Para Borba Neto, nenhum cristão pode dizer que o papa Francisco está errado, quando ele insiste que a Igreja tem de se abrir e acolher as pessoas afastadas de suas normas, como os recasados. Borba acha que é preciso buscar um terceiro caminho que escape à polarização das tendências que aplaudem ou que se opõem ao papa, frequentemente atribuindo a ele, de um lado e de outro, palavras que não falou. Defensores da Teologia da Libertação consideram que, sem falar nele, Francisco põe em prática o que o movimento pregava desde os anos 1960.
O teólogo e historiador padre José Oscar Beozzo, que segue a corrente da Libertação, observa que Francisco escolheu dois trechos do discurso do papa João XXIII na abertura do Concílio Ecumênico em 1962 para sua orientação pastoral. “Nada de condenações e anátemas”, advertiu João XXIII, ao lembrar que a Igreja sempre condenou os erros, mas considerou a misericórdia como melhor remédio, disse Beozzo. Francisco, que depois criou o Ano da Misericórdia, será conhecido no futuro como o papa da misericórdia, prevê o teólogo. O cerne da oposição a Francisco, concorda o teólogo, é a orientação de Amoris Laetitia para a reintegração dos recasados.

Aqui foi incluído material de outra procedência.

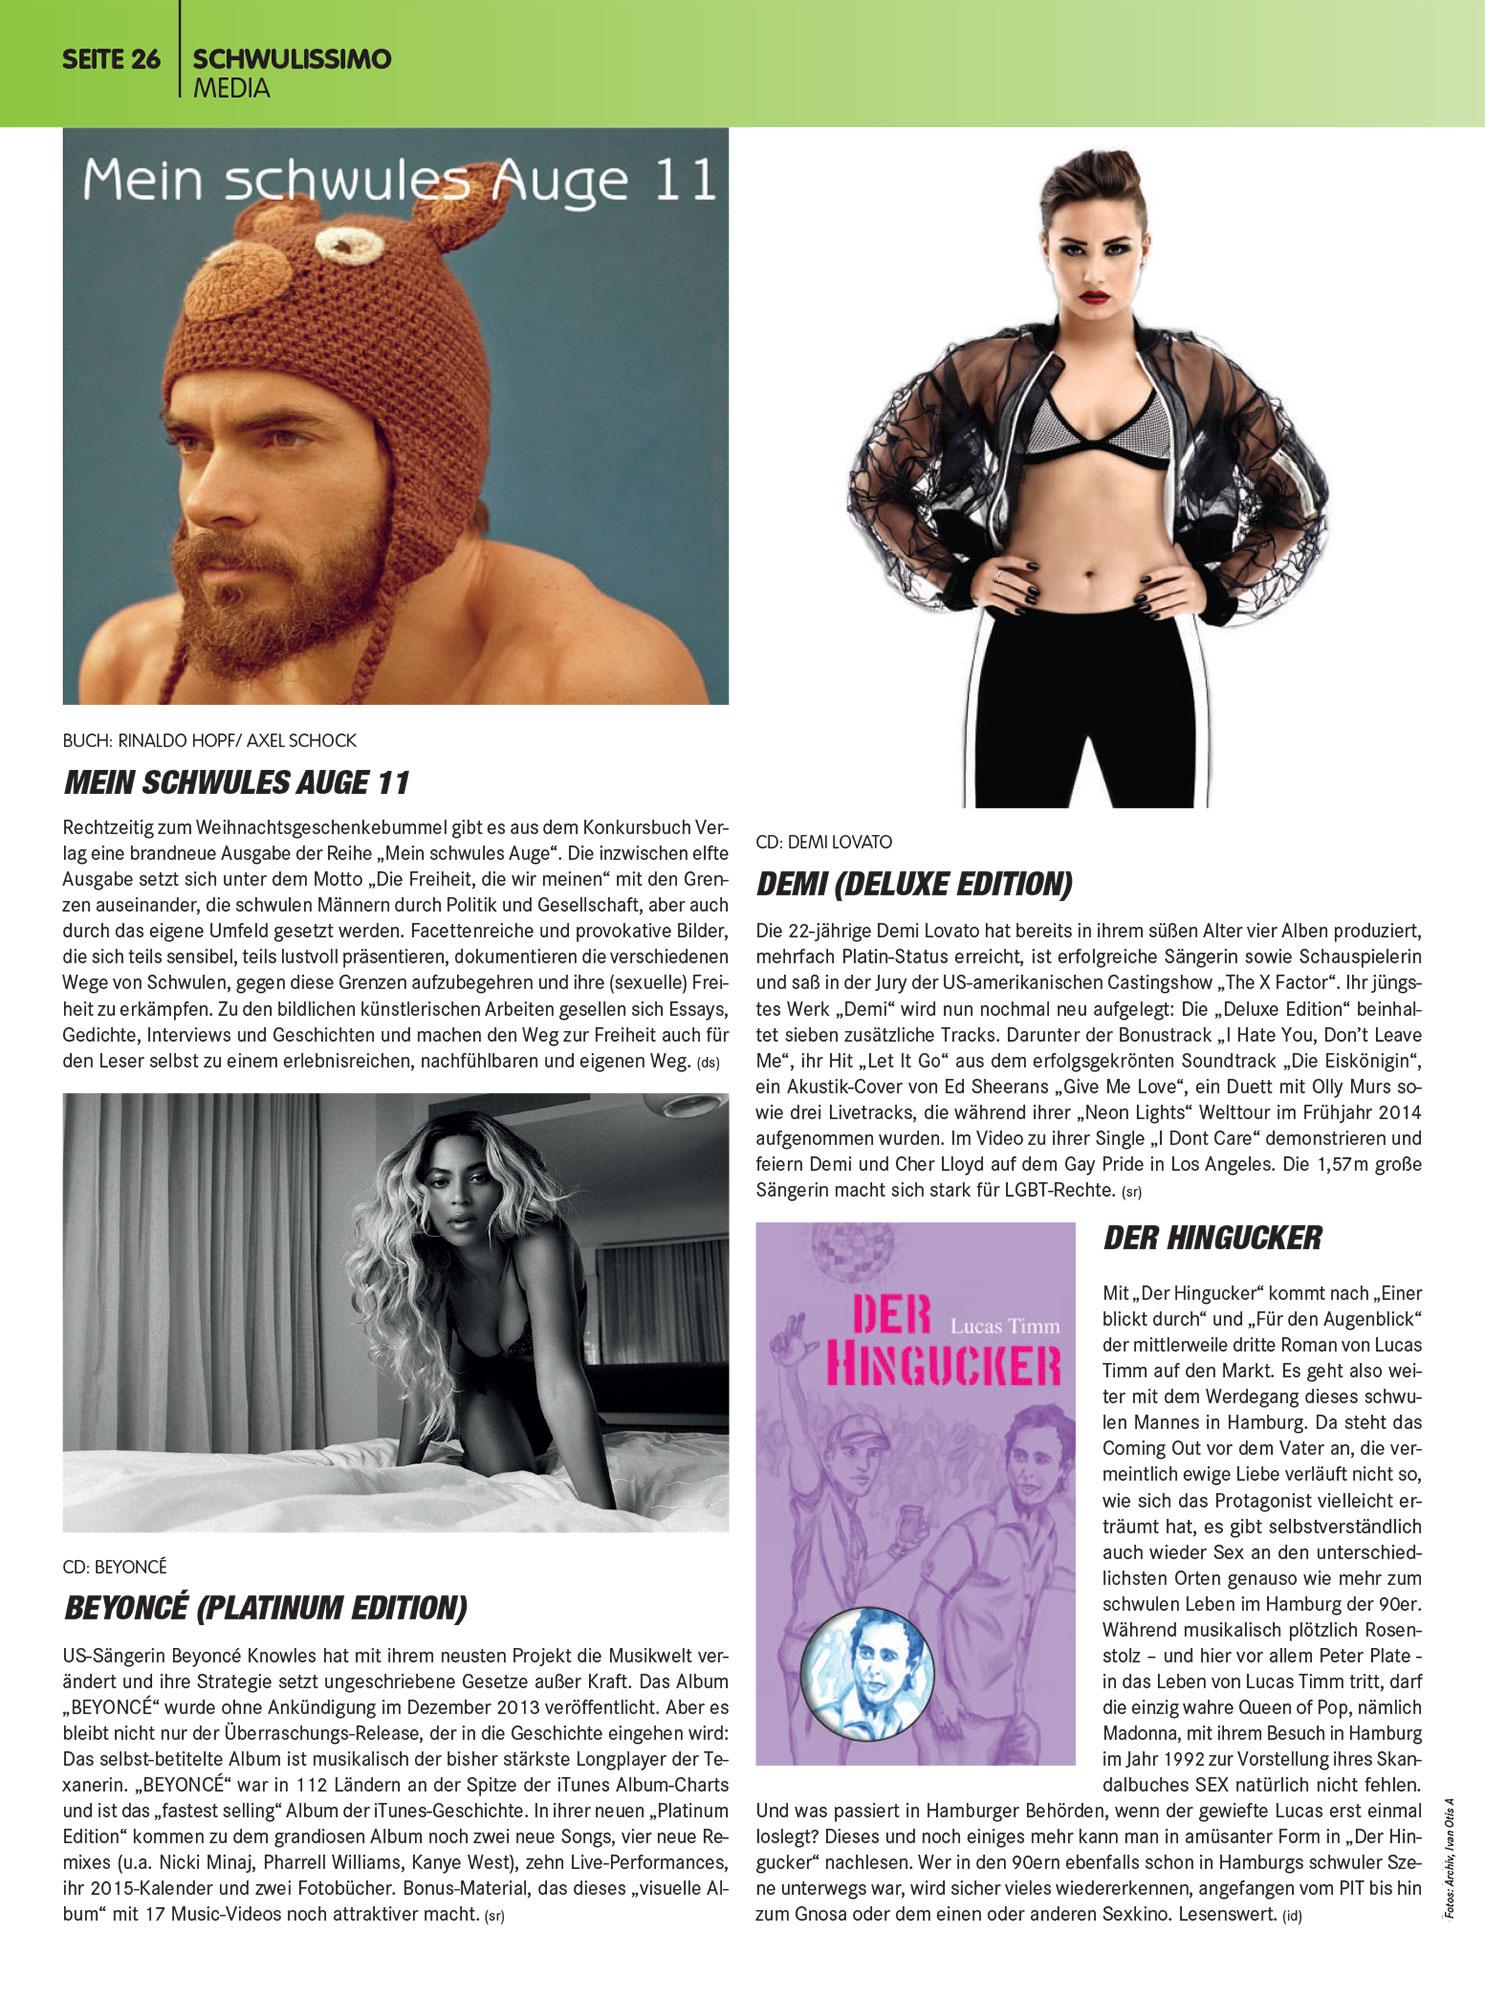 SCHWULISSIMO_Das_Magazin_12_2014_2.jpg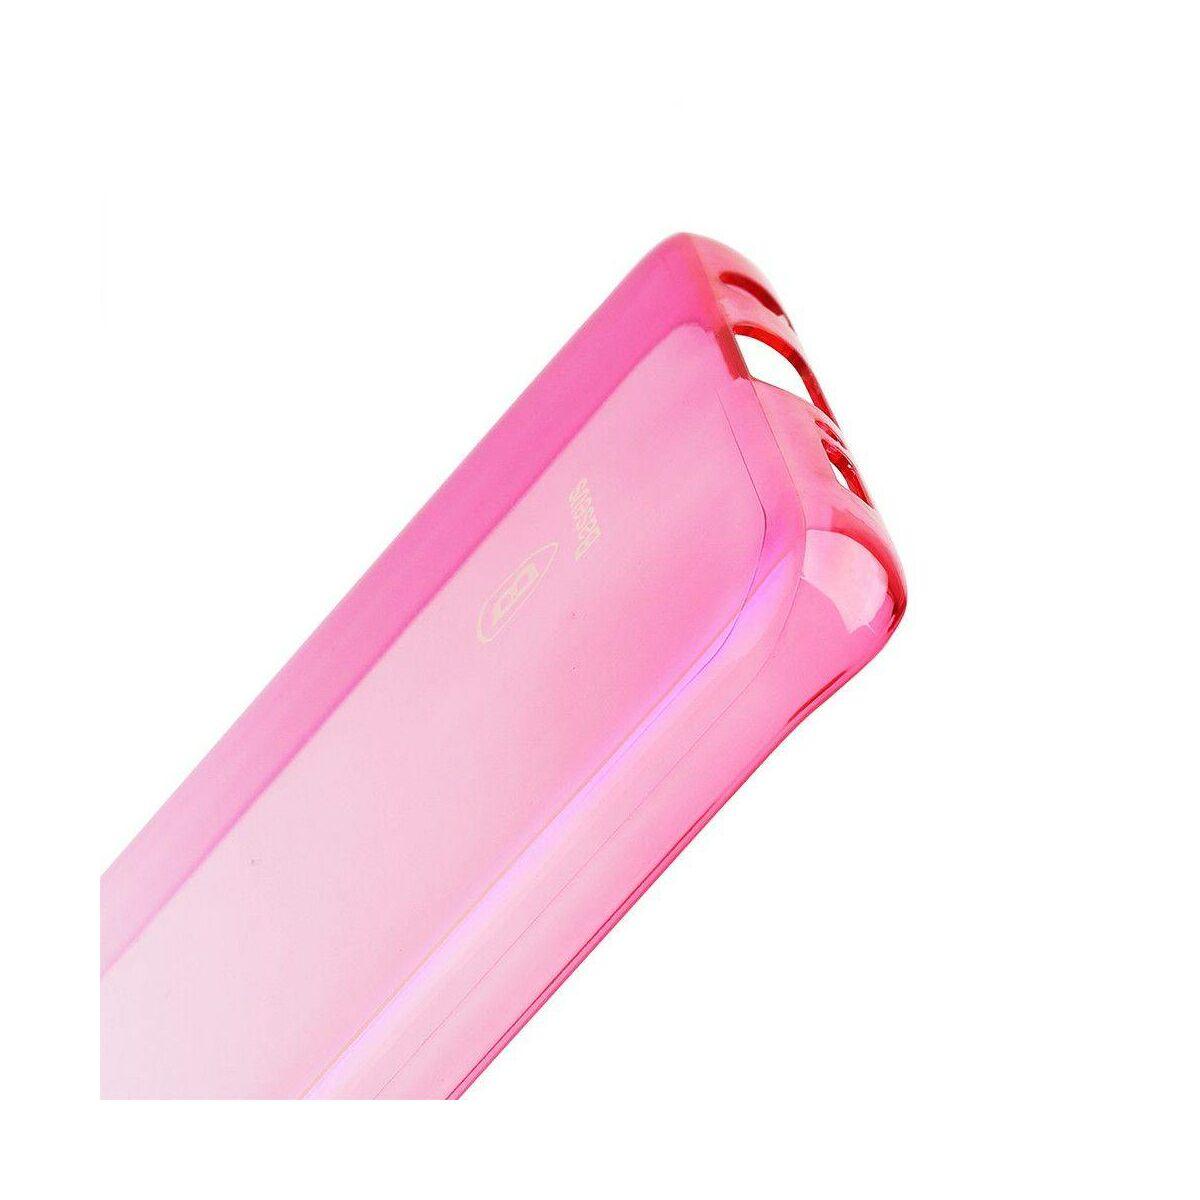 Baseus Samsung S9 tok, Glaze, rózsaszín (WISAS9-GC04)

No Brasil. A Conferência Nacional dos Bispos do Brasil (CNBB) elogia a linha do pontificado de Francisco, mas nem todos os bispos brasileiros demonstram muito entusiasmo com sua orientação. Não fazem críticas ao papa, mas também não põem em prática tudo o que ele ensina. As críticas partem mais de católicos conservadores, em manifestações reservadas ou pela internet. O apoio vem mais da base, dos movimentos da pastoral social.